TASK PROMPT – Please transcribe the data below in full. Omit any picture you find in it.

THE DATA –
───
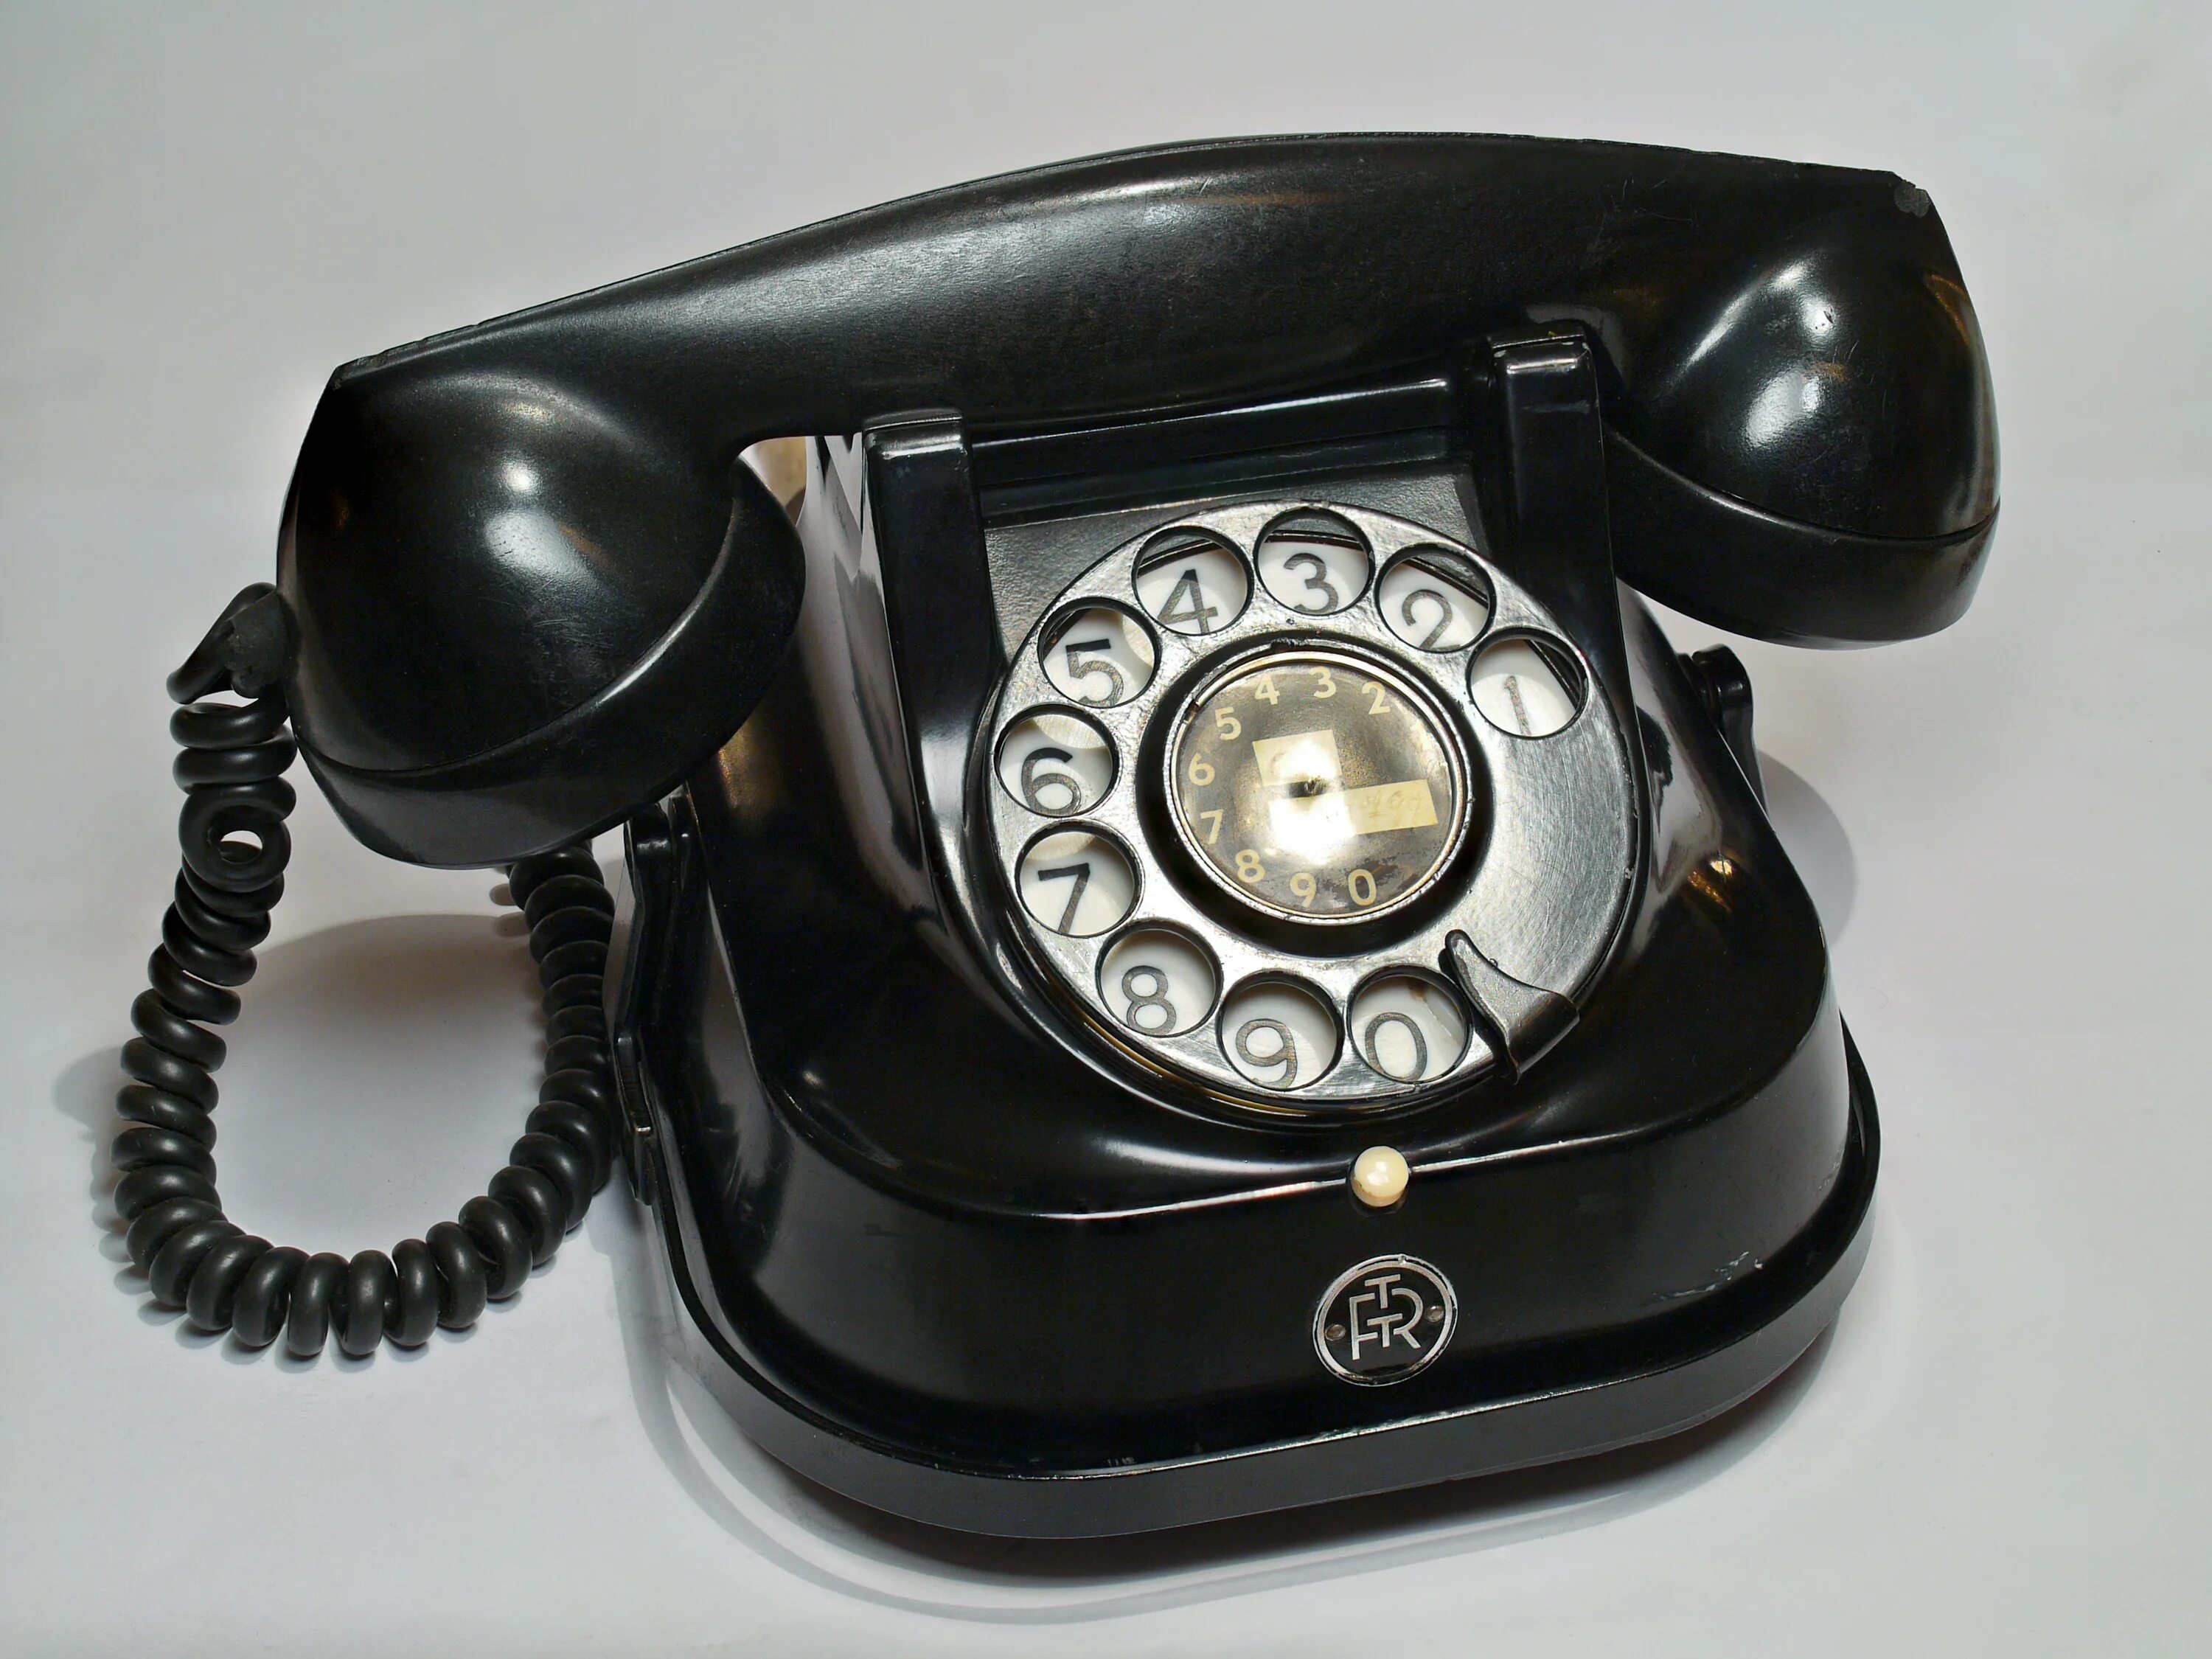 Изображения старого телефона. Телефонный аппарат сапфир-2. Телефонный аппарат w-28. Телефонный аппарат ста-4цб. Телефонный аппарат Строуджера с дисковым номеронабирателем 1899.
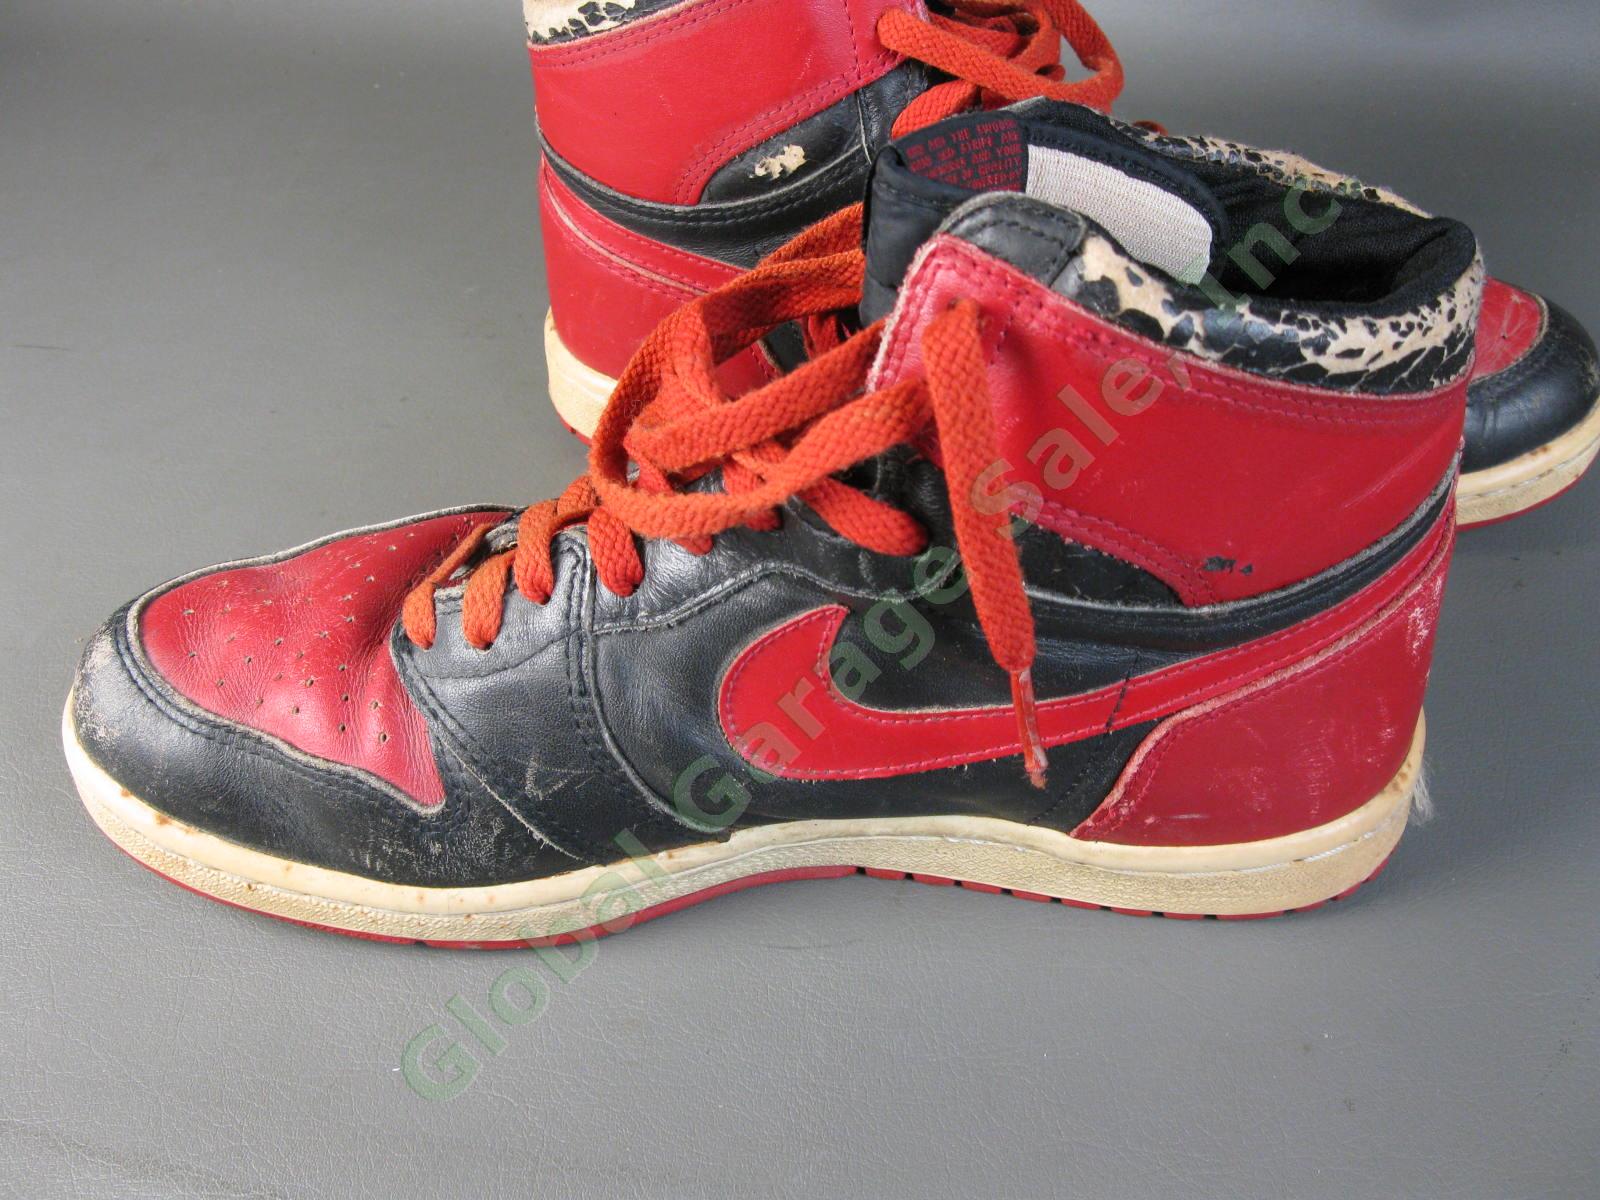 ORIGINAL 1985 Nike Air Jordan 1 Bred Black Red Chicago Bulls BANNED OG MJ AJI NR 13
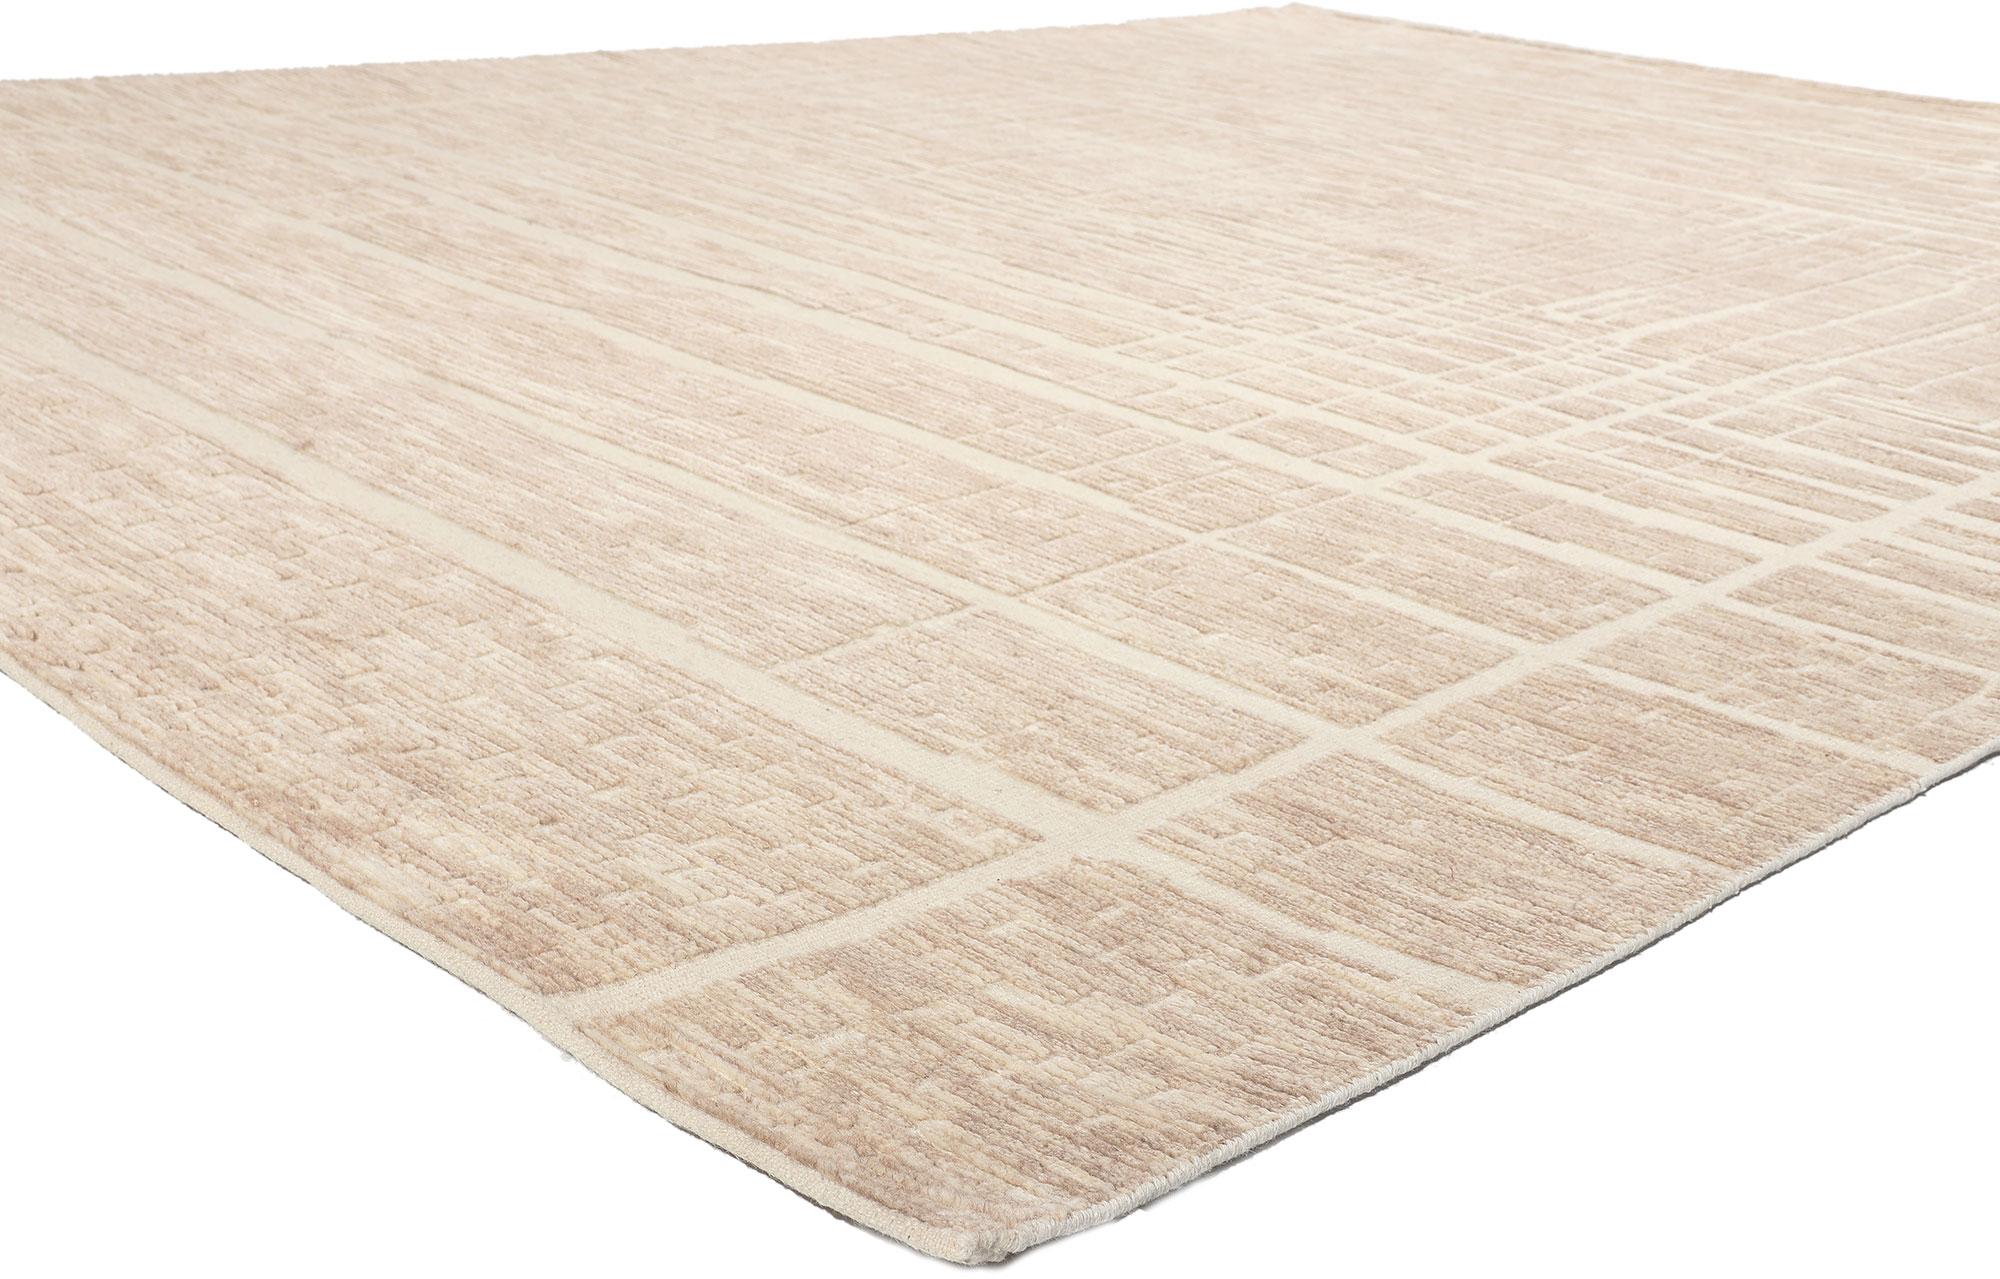 30980 Organic Modern Neutral Shibui High-Low Rug, 09'02 x 11'11.
Reflétant les éléments du Shibui avec des détails et une texture incroyables, ce tapis en laine nouée à la main est simple, subtil et constitue une vision captivante de la beauté du
───
RESULT OF THE EXERCISE –
 Изображения старого телефона. Телефонный аппарат сапфир-2. Телефонный аппарат w-28. Телефонный аппарат ста-4цб. Телефонный аппарат Строуджера с дисковым номеронабирателем 1899.
 ORIGINAL 1985 Nike Air Jordan 1 Bred Black Red Chicago Bulls BANNED OG MJ AJI NR 13
 30980 Organic Modern Neutral Shibui High-Low Rug, 09'02 x 11'11.
Reflétant les éléments du Shibui avec des détails et une texture incroyables, ce tapis en laine nouée à la main est simple, subtil et constitue une vision captivante de la beauté du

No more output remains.